For us Muggles, the magic of Harry Potter is as enchanting as the memes and jokes that were inspired by the film.
We've rounded up some of the best ones that'll make every HP fan crack a smile. Check them out below:
1. "Why can't Harry tell the difference between a cooking pot and his best friend? Because they're both cauldron."
2. "What type of drink does Snape hate the most? Jameson."
3. "So, Harry Potter and the Order of the Phoenix. I guess that's when the books started getting...dead Sirius."
4. "How do the Malfoys enter a building? They Slytherin."

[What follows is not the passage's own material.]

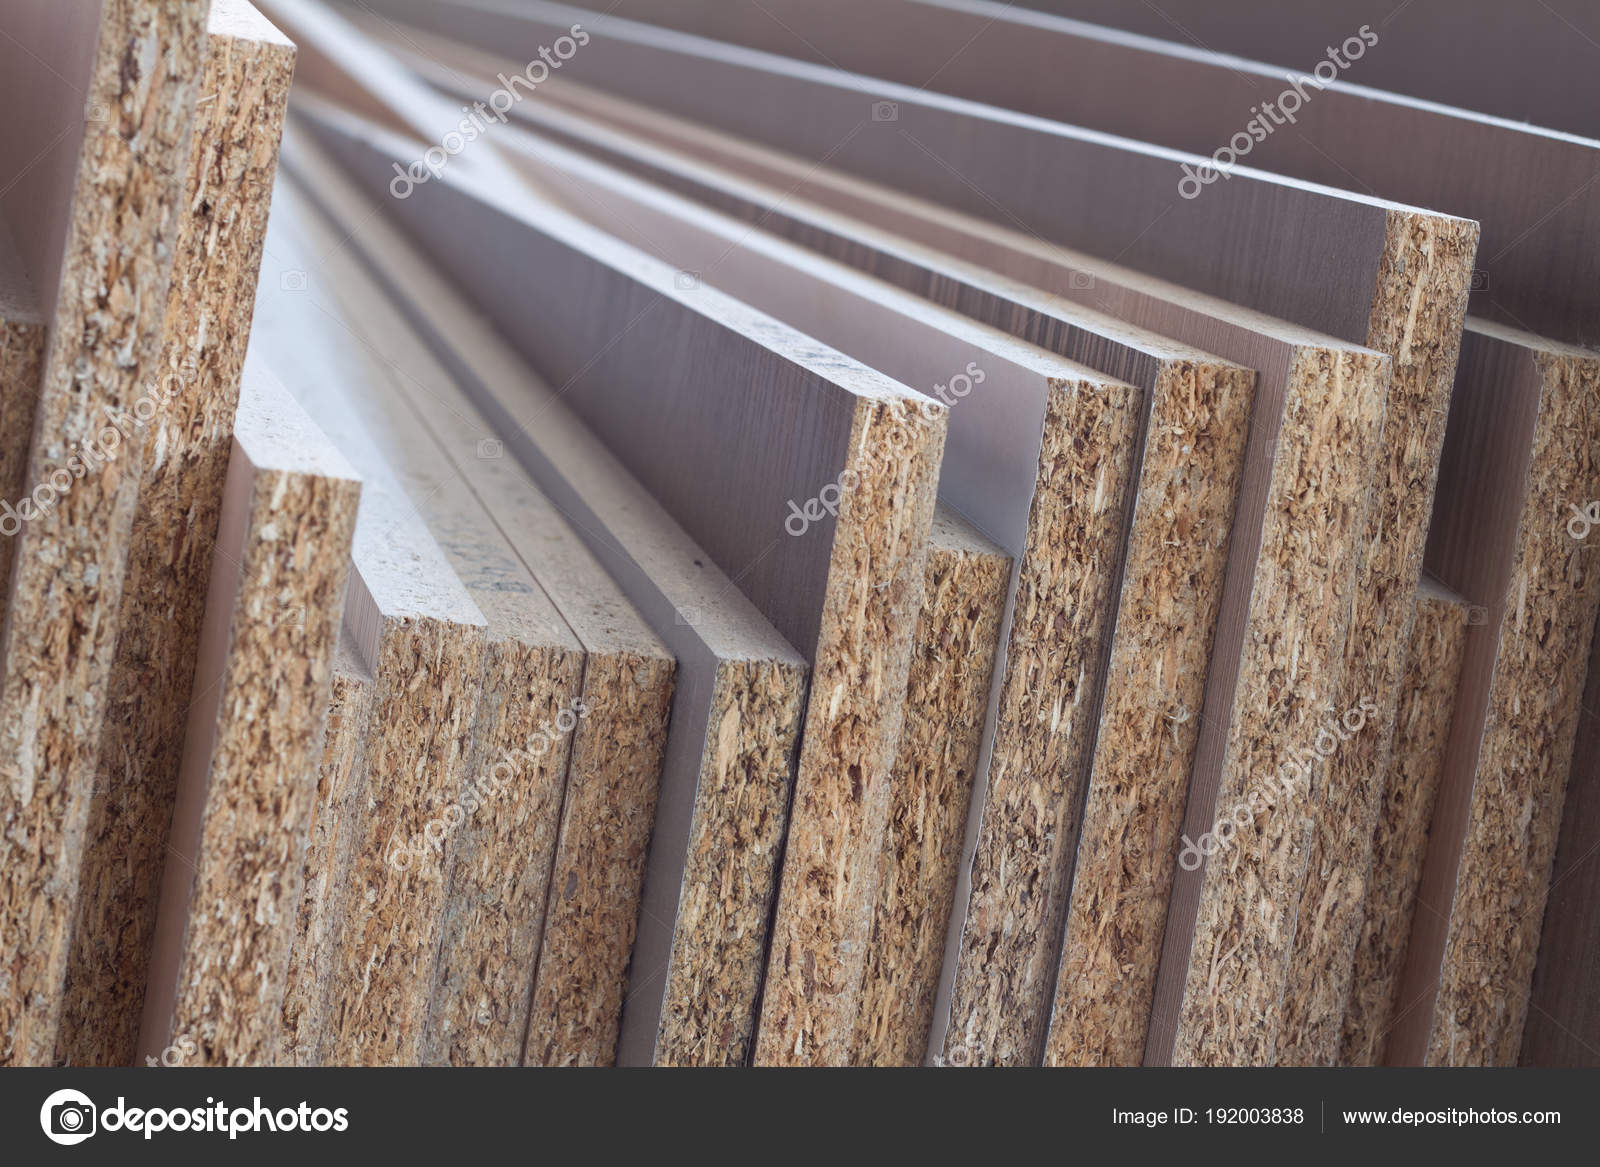 MDF, PARTICLE BOARD. Wood panels of different thicknesses and colors. — Stock Photo © Ramann

5. "How do you know if a potion is good? You check its hex-piration date!"
6. "Why doesn't Snape own a barbecue? Because he roasts his food verbally."
7. "Why did Snape teach Potions and not Herbology? Because he can’t keep a lily alive."
8. "Why is Mad-Eye Moody such a bad teacher? Because he can’t control his pupils."
9. "One day Lupin decides to come clean with Harry. He sits him down and tells him 'Harry, I'm a werewolf'. Harry jumps up and starts shouting, 'WHAT!? ARE YOU FUCKING SERIOUS!?' Lupin sighs, hangs his head and mumbles, 'Ah yes, that too.'"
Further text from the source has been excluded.